Глядя, как по широкой лестнице хлынул вниз поток мужчин во фраках и разряженных дам, казалось, спасавшихся от стихийного бедствия, я погрузился в размышления и долго не двигался с места; может быть, надеялся, что кто-нибудь подойдет ко мне и предложит уйти вместе, что рядом окажется друг или хотя бы дальний знакомый, все равно кто, — кто-то, чье дыхание будет струиться паром в студеном воздухе, — и мы с ним поговорим немного обо всем и ни о чем, а этого коснемся разве что вскользь, как временной неудачи, не имеющей серьезных последствий; или же, думал я, стоит подождать у выхода самого Мольери и предложить ему свое общество — ведь мне достаточно было всего лишь увидеть еще раз абсолютно незначительное лицо этого маленького человечка, услышать его бесцветный голос, чтобы удовлетворить мое любопытство, исчерпать эту историю, вновь прийти в спокойное состояние духа! Но я уже понимал, что выйду из здания Оперы в одиночестве: лестница опустела, за мной запирали двери. Какое-то время я слонялся по улицам, все еще надеясь кого-нибудь встретить.

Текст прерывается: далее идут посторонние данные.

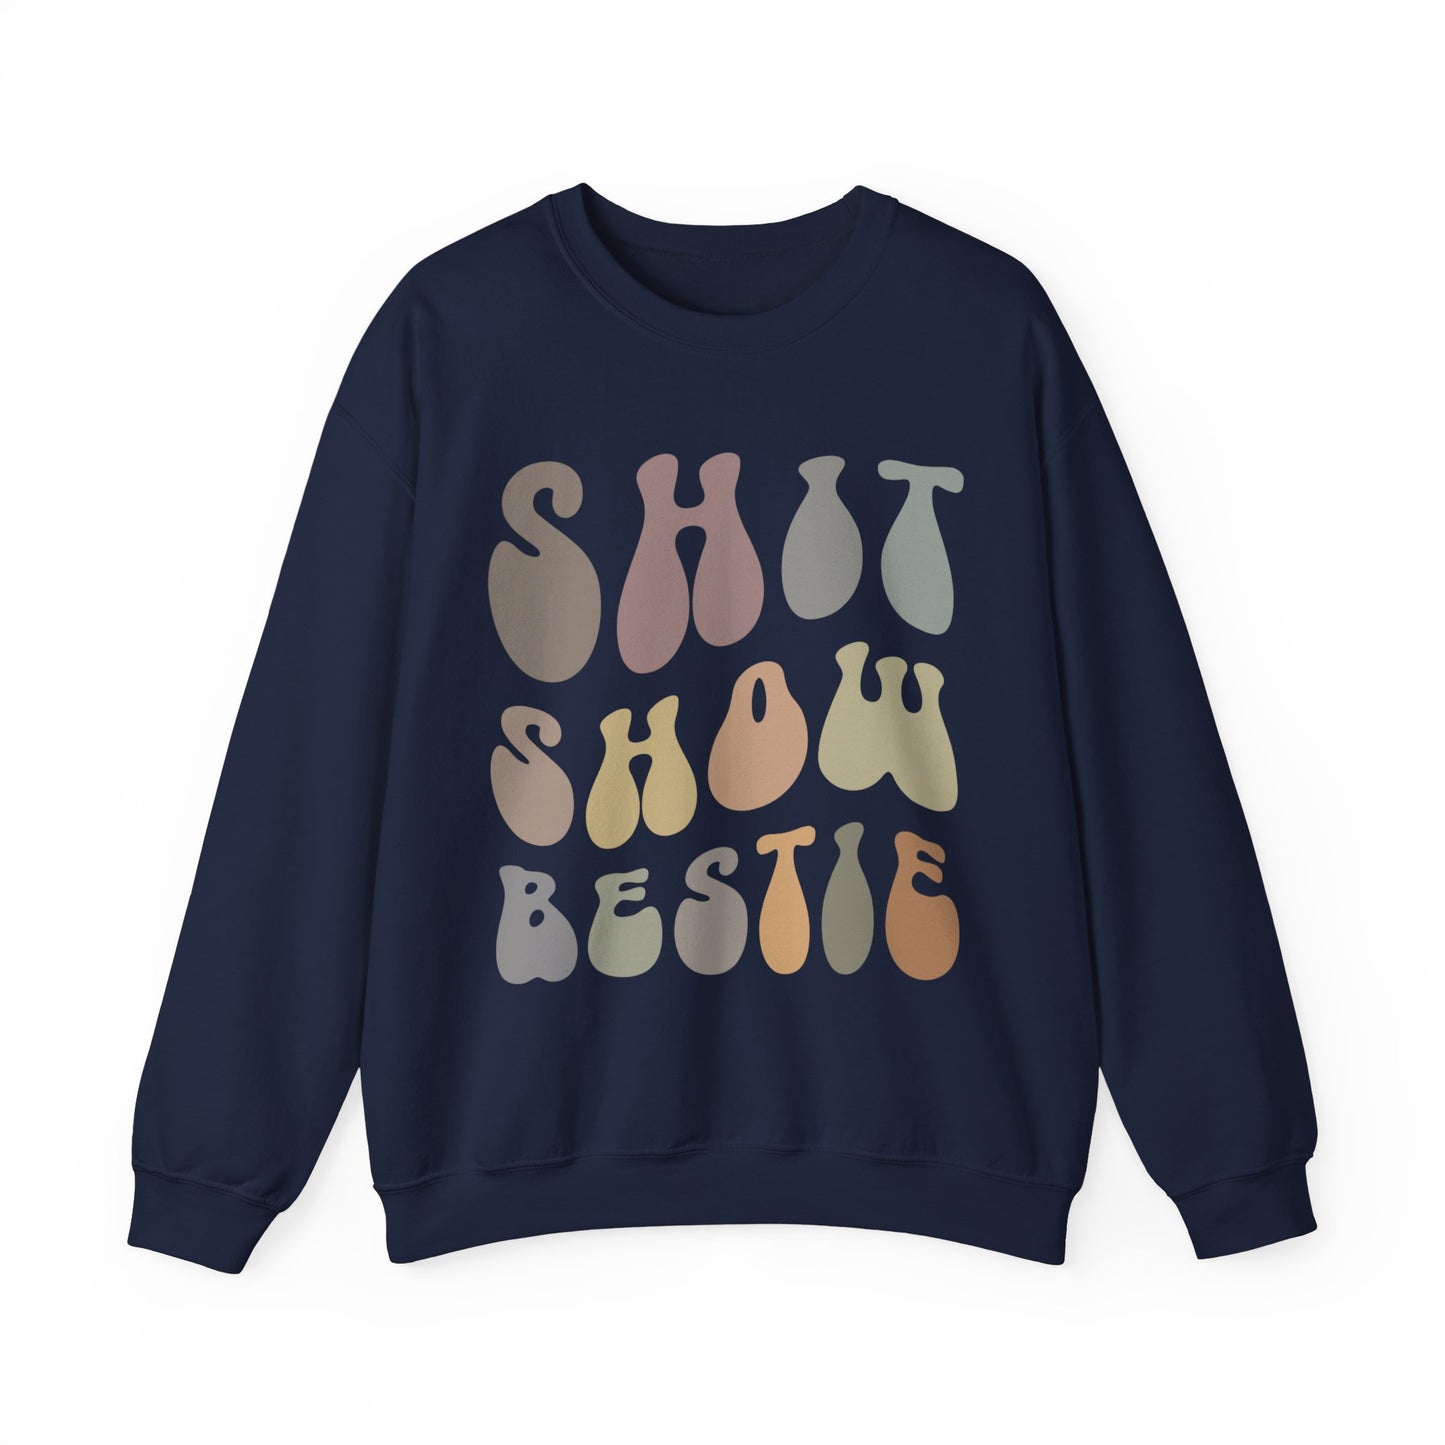 Shit Show Bestie Sweatshirt, BFF Sweatshirt for Women, Funny Best Friend Sweatshirt, Forever Bestie Sweatshirt, Matching Besties, S1307

В ту бессонную ночь, пролившую на все нестерпимо ясный свет, мне стали понятны страдания Анны, ее восхищение, ее брезгливость.

IV

Спустя несколько дней я встретил Мольери в подземных залах Аквариума. Он случайно столкнулся со мной в зеленом влажном полумраке, извинился и не стал притворяться, будто меня не узнал, — в его взгляде не было ни подозрительности, ни смущения, он скорее стремился показать, что рад нашей встрече. Я же, более не испытывая острой потребности его видеть, думал только об одном: как выйти из этой щекотливой ситуации? Он подвел меня к прозрачной стене, за которой беззвучно разевала рот пухлая, добродушная рыба, и засмеялся каким-то детским, совсем неожиданным смехом, потом, перейдя к другой рыбе — с презрительно искривленным ртом, с глазами как у быка, налитыми кровью, — снова захохотал, прижался лбом к стеклу и начал по-мальчишески ее передразнивать, клацая челюстями. Странное озорство, делавшее его неузнаваемым. Эту жизнерадостность, видимо, следовало понимать так: выкиньте из головы все, что вы обо мне знаете, пусть я буду для вас самым обычным человеком, в чьем прошлом нет ничего интересного, ребенком, весело глазеющим на рыб! Но, выйдя из Аквариума, он утратил свой юный задор. Глядя на него при ярком дневном свете, я нашел, что выглядит он довольно жалко, хотя его лицо оставалось спокойным, а взгляд — таким же оживленным. Он сказал, что хорошо бы нам где-нибудь пообедать вместе, и самым поразительным было то, что я принял этот опрометчивый вызов: как если бы несогласие означало не просто отсутствие учтивости, но прямую трусость. Теперь, по прошествии времени, я думаю, нам обоим потребовалось бы еще большее мужество — или еще большая способность сохранять невозмутимый вид? — чтобы пренебречь столь благоприятным случаем.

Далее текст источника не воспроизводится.